Authorisation to purchase and use treasury shares, pursuant to articles 2357 and 2357-ter of the Italian Civil Code, as well as article 132 of Italian Legislative Decree 58/1998 and relative provisions for enactment, subject to withdrawal of the authorisation granted by the Ordinary General Meeting of Shareholders of 17 April 2024, for the portion not executed. Related and consequent resolutions.

Notice has been given that an ordinary shareholders' meeting will be held to consider and approve the proposal to authorise the purchase and disposal of ordinary shares held by Piaggio & C. S.p.A. (hereinafter "Piaggio" or the "Company"), pursuant to the combined provisions of Articles 2357 and 2357-ter of the Civil Code, and Article 132 of Legislative Decree No. 58/1998 ("Consolidated Law on Finance") and relative implementing provisions.
By resolution adopted on 17 April 2024, this Shareholders' Meeting authorised the purchase and use of the Company's ordinary shares. The purchase authorisation had a duration of 18 months from the date of said resolution and, therefore, will expire during 2025, while the authorisation for use was granted without a time limit.
It would seem appropriate that the Company is given the authority to purchase treasury shares, also after the deadline indicated, for the purposes referred to in paragraph 1 below.
The proposal made to shareholders is that they resolve on a new authorisation on the purchase and disposal of treasury shares in the terms illustrated in this Report, with prior revocation for the portion of the 17 April 2024 resolution not executed.
The request to authorise the purchase and disposal of treasury shares, as of the authorisation proposal to put to the Ordinary Shareholders' Meeting, is to give the Company a strategic investment opportunity for all purposes allowed by applicable regulations, including the purposes referred to in article 5 of Regulation (EU) 596/2014 (Market Abuse Regulation, hereinafter "MAR") and according to practices permitted by Consob under article 13 of the MAR, where applicable, including the purchase of treasury shares based on their subsequent annulment, according to terms and procedures to be decided by competent company boards.
Authorisation is requested for the purchase, in one or more tranches, of ordinary Piaggio shares with no stated par value, up to a maximum number no greater than the maximum limit contemplated by applicable laws in force at the time of purchase, taking into consideration the ordinary Piaggio shares held at any one time by the Company as treasury stock or by the Company's subsidiaries (at the date of this Memorandum, said limit is set at one fifth of the share capital by Article 2357, subsection 3, of the Civil Code).
A mandate is therefore sought by the Board of Directors to identify the number of shares to purchase in relation to each purchase programme as regards the purposes indicated above, before the start of the programme, within the maximum limit mentioned above.

At the date of this Memorandum, the share capital of Piaggio amounted to €207,613,944.37, comprising 354,632,049 ordinary shares with no stated par value; at the same date, the Company held 1,086,661 treasury shares, equal to 0.3064% of the share capital.
Piaggio's subsidiaries do not hold shares in the Company.
As mentioned in section 2, the total number of treasury shares held by Piaggio at any one time, including any Piaggio ordinary shares held by subsidiaries, may not exceed the maximum limit contemplated by applicable laws in force at the time.
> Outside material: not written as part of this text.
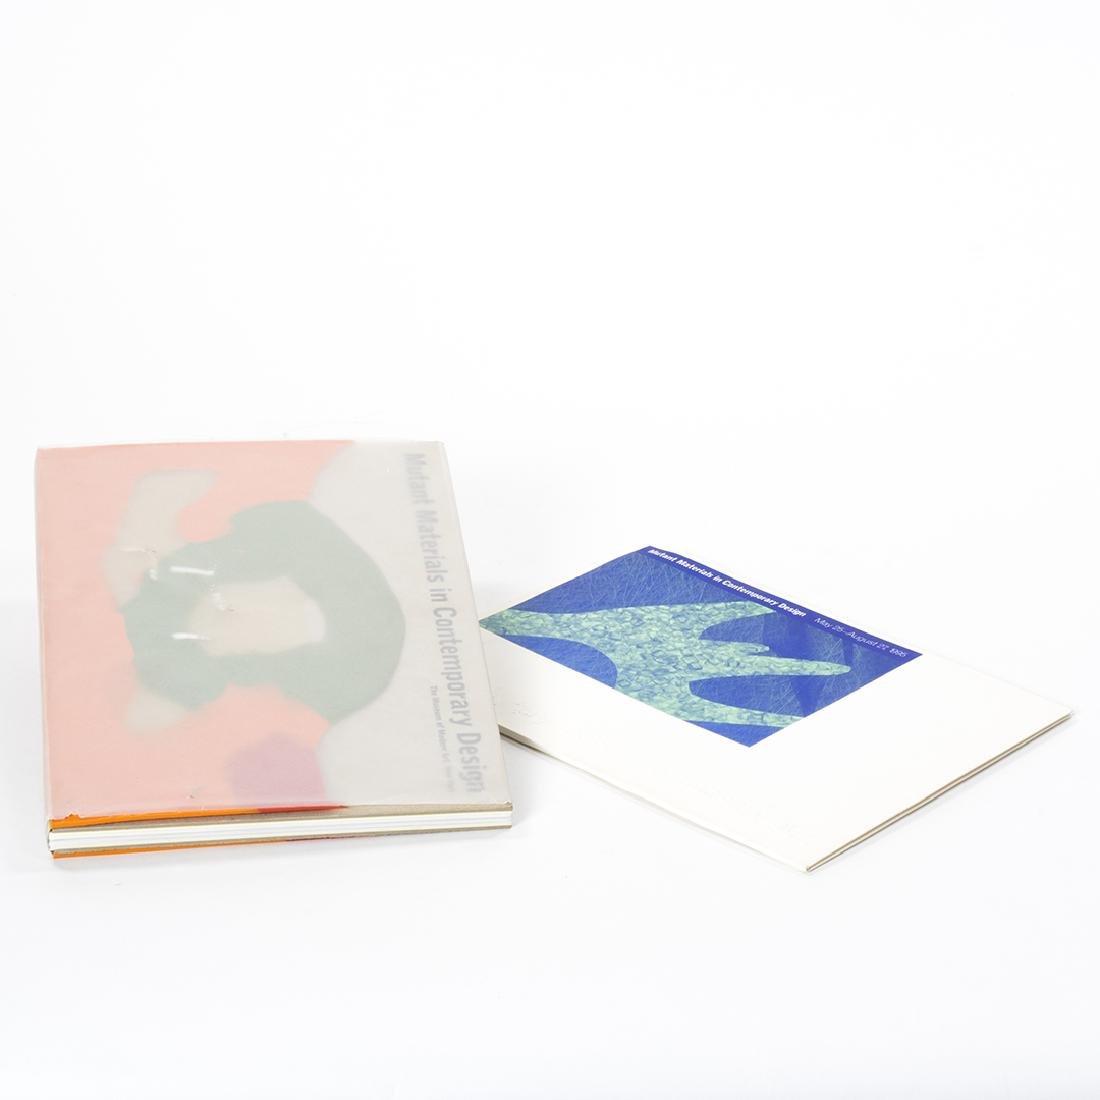 Gaetano Pesce Mutant Materials Catalog - 2

In order to assure compliance with statutory limits, suitable procedures will be set forth to ensure the timely and comprehensive disclosure of the number of Piaggio shares held by subsidiaries of the Company.
The purchase of treasury shares must in any case comply with restrictions on the distributable earnings and free reserves reported in the last approved financial statements (including interim statements) at the transaction date. All purchases and disposals of treasury shares will be duly recognised in accounts in compliance with law and applicable accounting standards.
Authorisation for the purchase of treasury shares is requested for a term of eighteen months, commencing as of the date of the resolution passed by the Ordinary Shareholders' Meeting. The Board of Directors may proceed with authorised purchases in one or more tranches and at any time, within the terms and amounts decided in due compliance with applicable laws and regulations, with purchases timed in the interests of the Company.
The authorisation for disposal of treasury shares is requested with no time limits and also with reference to the treasury shares already owned by Piaggio at the date of this Report.
The Board of Directors proposes that treasury shares are purchased in compliance with the trading conditions established in article 3 of Commission Delegated Regulation (EU) 2016/1052 ("Regulation 1052") in compliance with the MAR, where applicable. Purchases may be made for an amount that is no higher than the highest price between the price of the last independent transaction and the highest independent offer price in the trading venues where the purchase is made, provided that the unit amount is at least a minimum of 20% and a maximum not exceeding 10% of the arithmetic mean of official Piaggio share prices registered in the ten stock exchange days prior to each purchase transaction.
The Board of Directors proposes that purchases are undertaken according to procedures established in applicable provisions of Consob Regulation 11971/1999 (as amended) implementing article 132

of the Consolidated Law on Finance, in compliance with the conditions and restrictions relative to trading as of articles 3 and 4 of Regulation 1052 and within a time frame deemed appropriate in the interests of the Company.
The Board of Directors also proposes authorising use, as per Article 2357-ter of the Italian Civil Code, at any time, in whole or in part, and in one or more tranches, of the treasury shares purchased on the basis of this proposal or in any case already held by the Company via the sale of the shares on the stock exchange or off exchange, or via the transfer of ownership and/or personal rights to the shares, for instance through securities lending, under the most expedient terms, methods and conditions for the disposal of the treasury shares in the interests of the Company, in compliance with laws and regulations in force at the time of disposal and for the purposes stated in this draft resolution.
Disposals of treasury shares held by the Company will be effected in compliance with laws and regulations in force governing the execution of orders for the trading of listed securities, including practices permitted in accordance with article 13 of the MAR, where applicable, and may occur in one or more tranches, timed as best suits the interests of the Company.
If you are in agreement with the proposal, we invite you to take the following resolution:
"The Ordinary Shareholders' Meeting, having acknowledged and approved the Board of Directors' Memorandum,

accordance with the procedures set forth in the applicable provisions of Consob Regulation 11971/1999 (as subsequently amended) implementing Article 132 of the Consolidated Law on Finance, in compliance with the conditions and restrictions relating to trading as set forth Articles 3 and 4 of Delegated Regulation (EU) 2016/1052 and with the gradualness deemed appropriate in the interest of the Company, granting the widest powers for the execution of the purchase transactions referred to in this resolution and any other formality relating thereto, including the possible assignment of tasks to intermediaries qualified by law and with the power to appoint special proxies;
Pontedera, 4 March 2025
For the Board of Directors The Chairman (Matteo Colaninno)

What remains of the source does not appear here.